Evaluating Dependently Typed Programming in AGDA (Verity)
On the one hand, AGDA is a dependently typed functional programming language, which owes much of its design to popular mainstream strongly typed languages such as ML and Haskell. On the other, AGDA is a proof assistant in which users may formulate mathematical propositions and construct machine verified proofs.
In the past dependently typed languages have mainly been used to construct formal mathematical proofs. For example the Coq language language has even been used (by Georges Gonthiers of Microsoft Research) to provide a completely machine checked proof of the infamous four colour theorem. Consequently, they have tended to be designed with the needs of mathematicians rather than programmers in mind. The AGDA designers, however, have consciously taken a different approach and have designed their language to meet the needs of functional programmers first and foremost. As such, it is claimed that AGDA provides a more comfortable and flexible environment for the development of formally verified programs.

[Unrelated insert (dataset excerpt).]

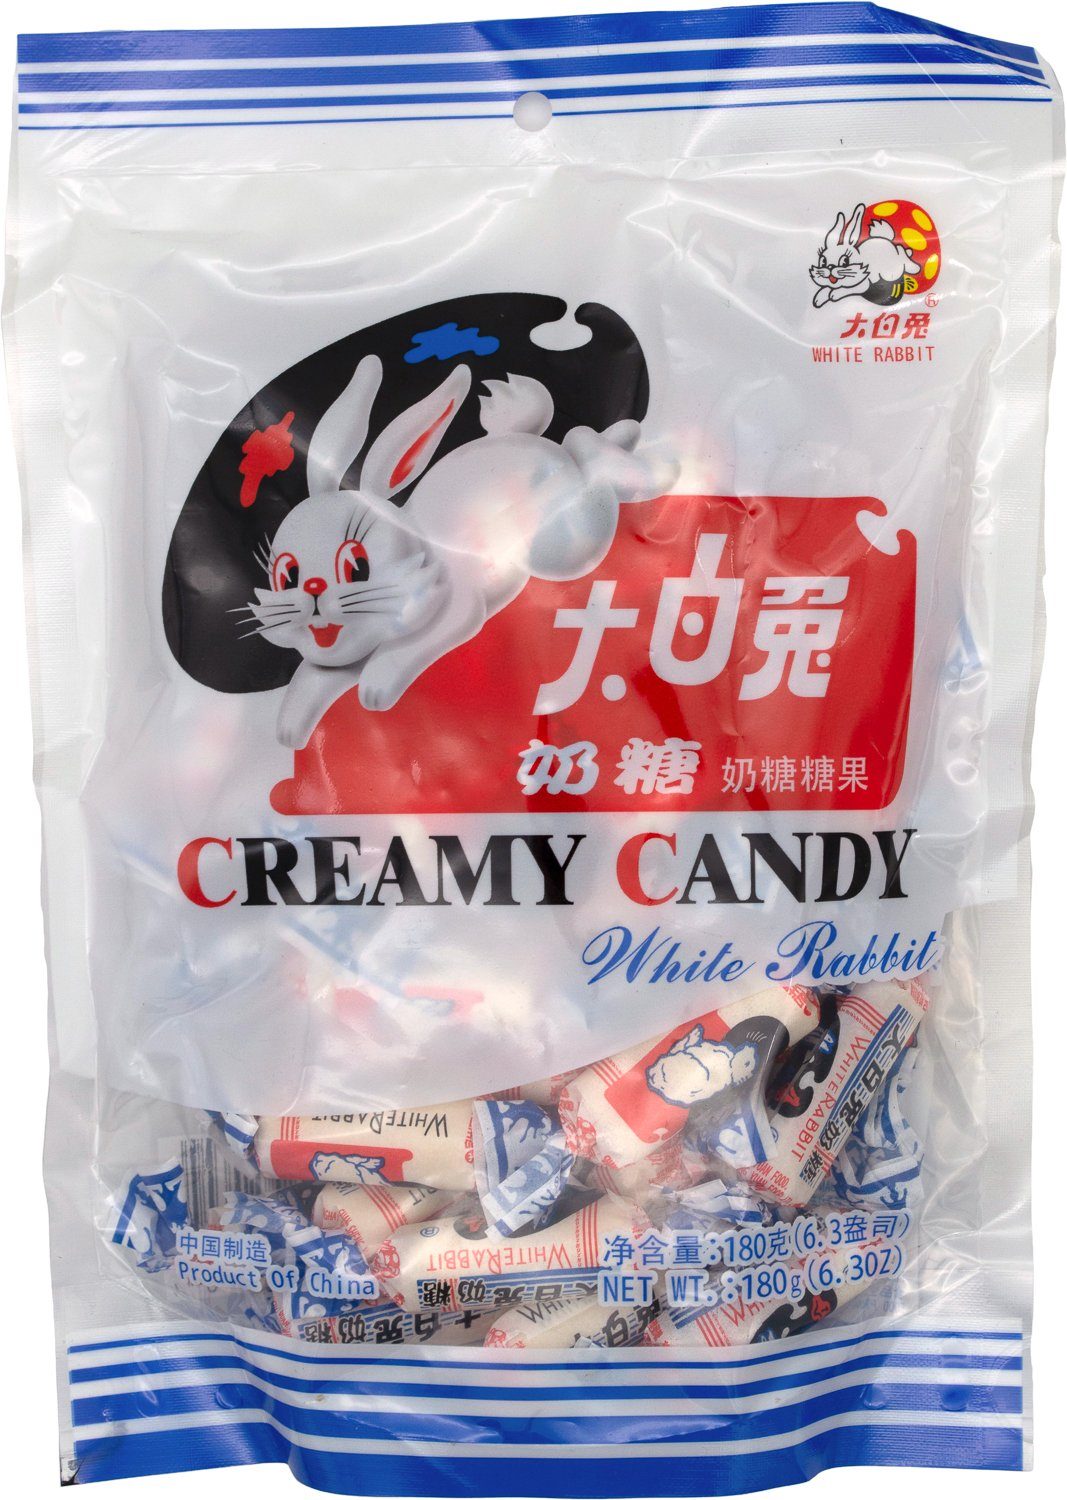 White Rabbit Candy White Rabbit Original 6.3 Ounce

Now this is an important claim, since formal program verification is known to be a very difficult art to master while being a vitally important component of mission critical applications development. After all, who wants to live next to a nuclear reactor whose software has not been engineered to the very highest standard or trust their life to an aircraft whose fly-by-wire systems have not undergone the most rigorous formal analysis?
We would like to examine the extent to which AGDA lives up to its design goals. In particular, we propose to put AGDA through its paces by using it to develop some simple verified software examples drawn from a range of different application areas.
The outcome of such a project would be a fully documented and verified piece of example software written in AGDA. Beyond the development of this code, you will be required to document your expected outcomes, comment fully upon any engineering decisions you made or pitfalls you may have encountered and describe the extent to which your code met your initial expectations. Examples of the kinds of example developments that we are thinking of may be found at http://web.student.chalmers.se/groups/datx02-dtp and at http://web.student.chalmers.se/~stevan/types.
If you would like to find out more about AGDA itself before picking this project, you might like to download its implementation from http://wiki.portal.chalmers.se/agda/pmwiki.php?n=Main.HomePage and have a go at working through a little of Ulf Norell's tutorial at http://www.cse.chalmers.se/~ulfn/papers/afp08/tutorial.pdf.
Implementing Functional Programming Languages
Quantify the benefits of maximal letrec sharing (Roberts)
Maximal sharing in letrec expressions (video) claims to be able to "speed up execution". While we don't doubt this claim at all, compiler optimisations are routinely exposed to real world benchmark suites to help quantify the extent to which they are effective and in what types of programs they are most effective. In this project the student will implement maximal letrec sharing in the dgen compiler and run standard benchmark programs to generate just this kind of quantitative data.